Enter the replication controller.
The main responsibility for the replication controller is to prevent against failure, and it sits above the pod resource type and controls it. Let’s look at an example. I want to deploy 4 of my pod x, this time I would create a replica set. A replica set has a defined number of pods that needs to be running, in this case 4. If one of the pods fails or dies, the replication controller will start a new pod for me and again, I will have 4 of pod x running. So, this functionality looks after the issue we mentioned earlier about pods being mortal.
Services
If we want to have connectivity to our pods, we will need to create a service. In Kubernetes, a service is a network abstraction over a set of pods. This allows for the traffic to be load balanced for failures. A service allows Kubernetes to set a single DNS record for the pods. As we mentioned earlier, each pod has a separate IP address.
Deployments
The deployment resource type sits above a replica set and can manipulate them. Why would we want to manipulate a replica set? Replica sets are all or nothing. If you need to do an upgrade, you need to replace the replica set. This action will cause downtime to your application.
One of the main benefits of Kubernetes is high availability. Deployments give us the functionality to do upgrades without downtime. As you do in a replica set, you specify the number of pods you would like to run. Once you trigger an update a deployment will do a rolling upgrade on the pods, all while making sure the upgrade is successful on the pod before moving to the next one.
While Kubernetes is opinionated in how containers are deployed and operated, it is very non-prescriptive of how the network should be designed in which Pods are to be run. Kubernetes imposes the following fundamental requirements on any networking implementation (barring any intentional network segmentation policies):
    • All pods can communicate with all other pods without NAT
    • All nodes running pods can communicate with all pods (and vice-versa) without NAT
    • IP that a pod sees itself as is the same IP that other pods see it as

Communication between containers in the same pod

First, if you've got two containers running in the same pod, how do they talk to each other?
This happens via localhost and port numbers. Just like when you’re running multiple servers on your own laptop.
This is possible because containers in the same pod are in the same network namespace – they share networking resources.
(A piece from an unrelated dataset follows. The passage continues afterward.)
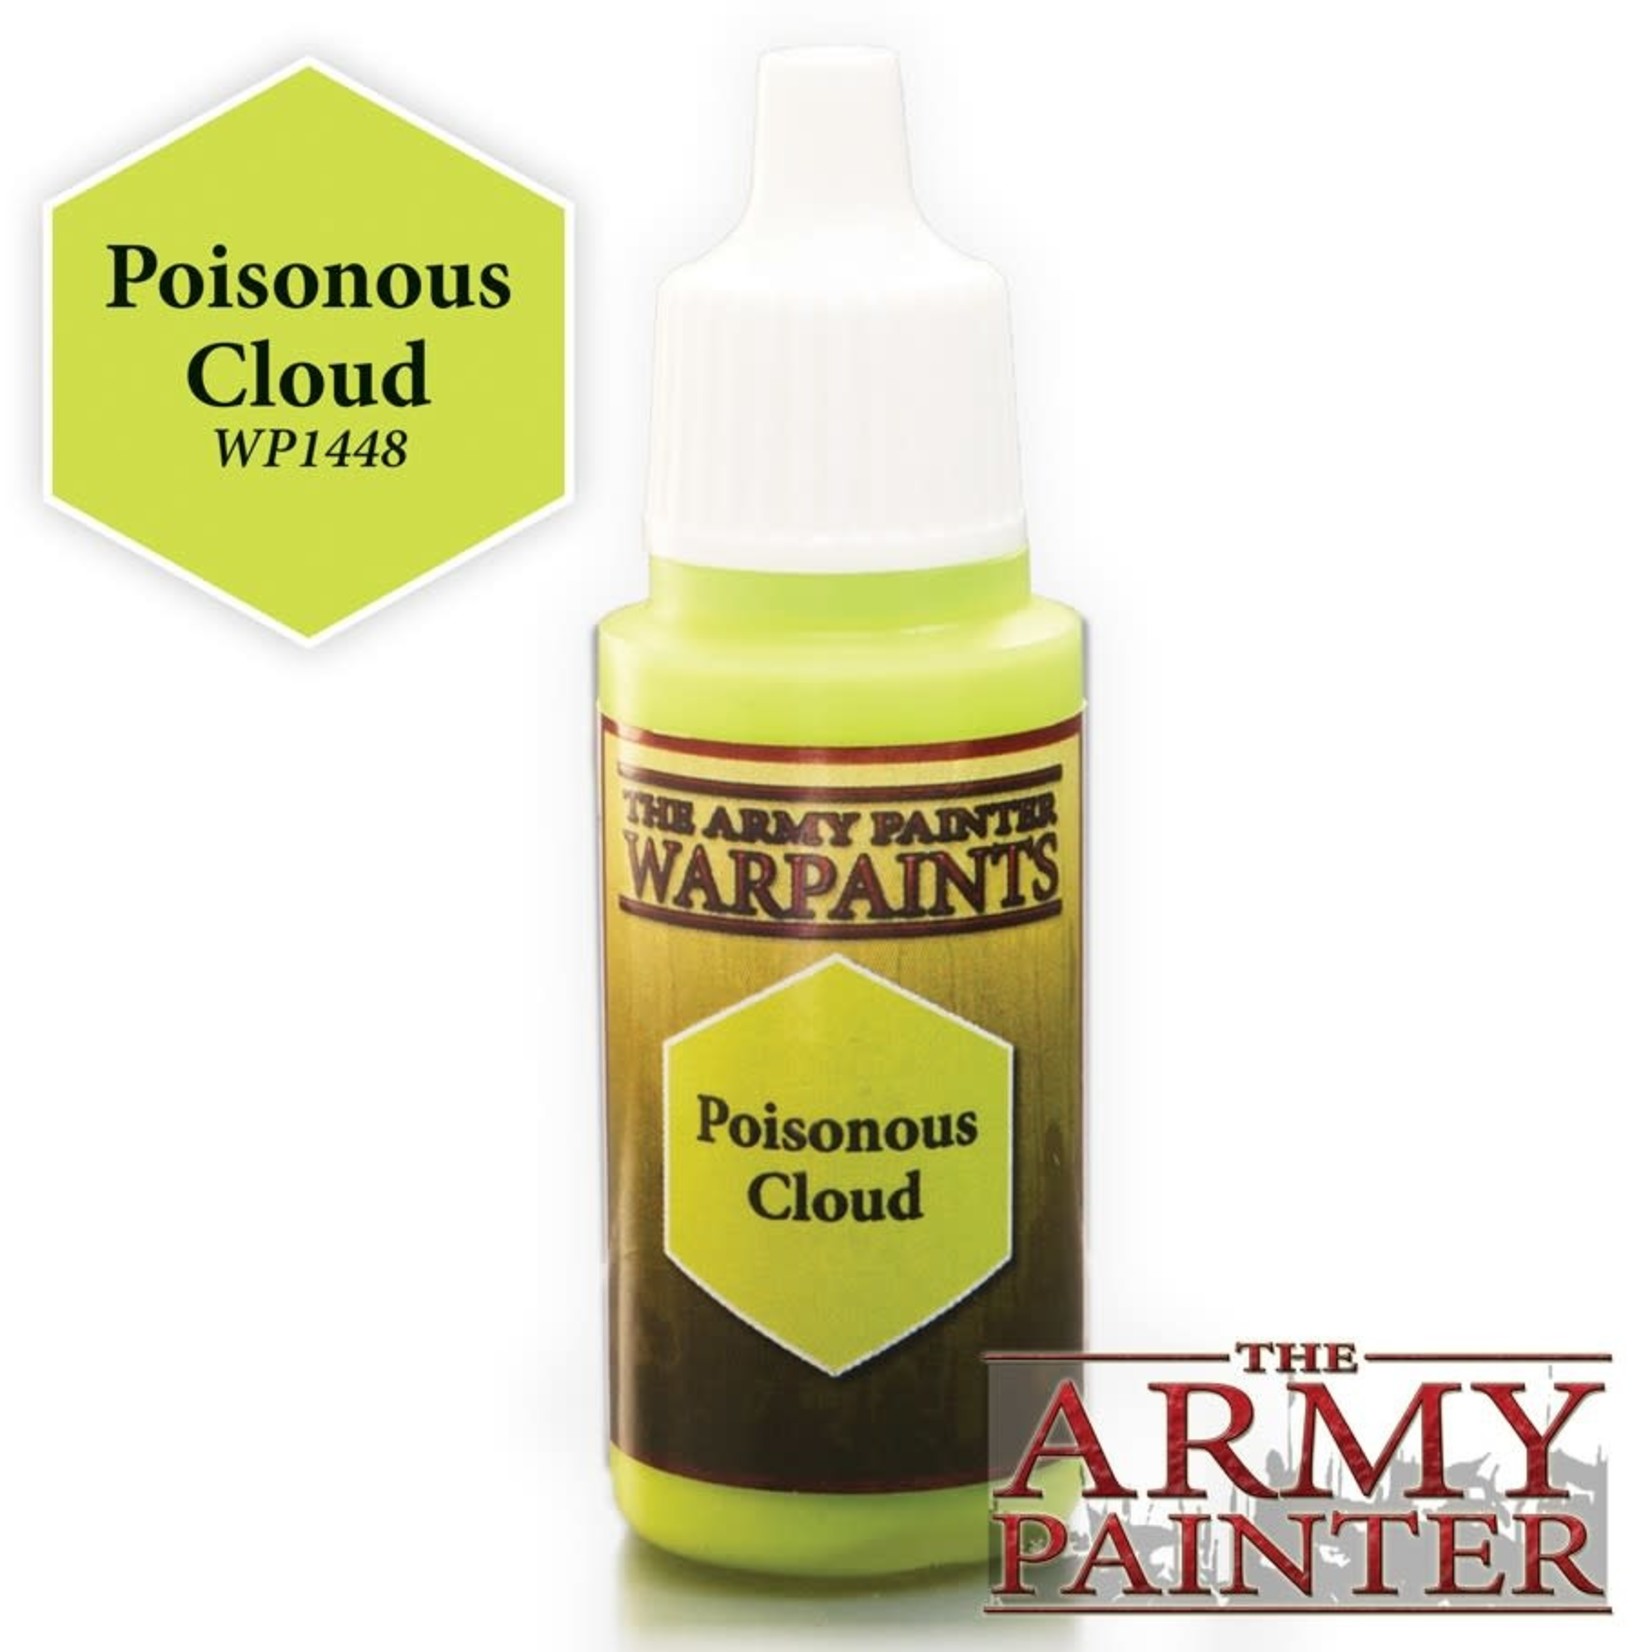 The Army Painter Warpaints: Poisonous Cloud

What is a network namespace?

It’s a collection of network interfaces (connections between two pieces of equipment on a network) and routing tables (instructions for where to send network packets).
Namespaces are helpful because you can have many network namespaces on the same virtual machine without collisions or interference.
(You wouldn’t want all your pods to run containers that listen on port 3000 in the same namespace – they’d all collide!)
There’s a secret container that runs on every pod in Kubernetes. This container’s #1 job is to keep the namespace open in case all the other containers on the pod die. It’s called the pause container.
So, each pod gets its own network namespace. Containers in the same pod are in the same network namespace. This is why you can talk between containers via localhost and why you need to watch out for port conflicts when you’ve got multiple containers in the same pod.
Communication between pods on the same node
Each pod on a node has its own network namespace. Each pod has its own IP address.
And each pod thinks it has a totally normal ethernet device called eth0 to make network requests through. But Kubernetes is faking it – it’s just a virtual ethernet connection.
Each pod’s eth0 device is actually connected to a virtual ethernet device in the node.
A virtual ethernet device is a tunnel that connects the pod’s network with the node. This connection has two sides – on the pod’s side, it’s named eth0, and on the node’s side, it’s named vethX.
Why the X? There’s a vethX connection for every pod on the node. (So they’d be veth1, veth2, veth3, etc.)
When a pod makes a request to the IP address of another node, it makes that request through its own eth0 interface. This tunnels to the node’s respective virtual vethX interface.
But then how does the request get to the other pod?
The node uses a network bridge.

What is a Network Bridge?

A network bridge connects two networks together. When a request hits the bridge, the bridge asks all the connected devices (i.e. pods) if they have the right IP address to handle the original request.
(Remember that each pod has its own IP address and it knows its own IP address.)
If one of the devices does, the bridge will store this information and also forward data to the original back so that its network request is completed.
In Kubernetes, this bridge is called cbr0. Every pod on a node is part of the bridge, and the bridge connects all pods on the same node together.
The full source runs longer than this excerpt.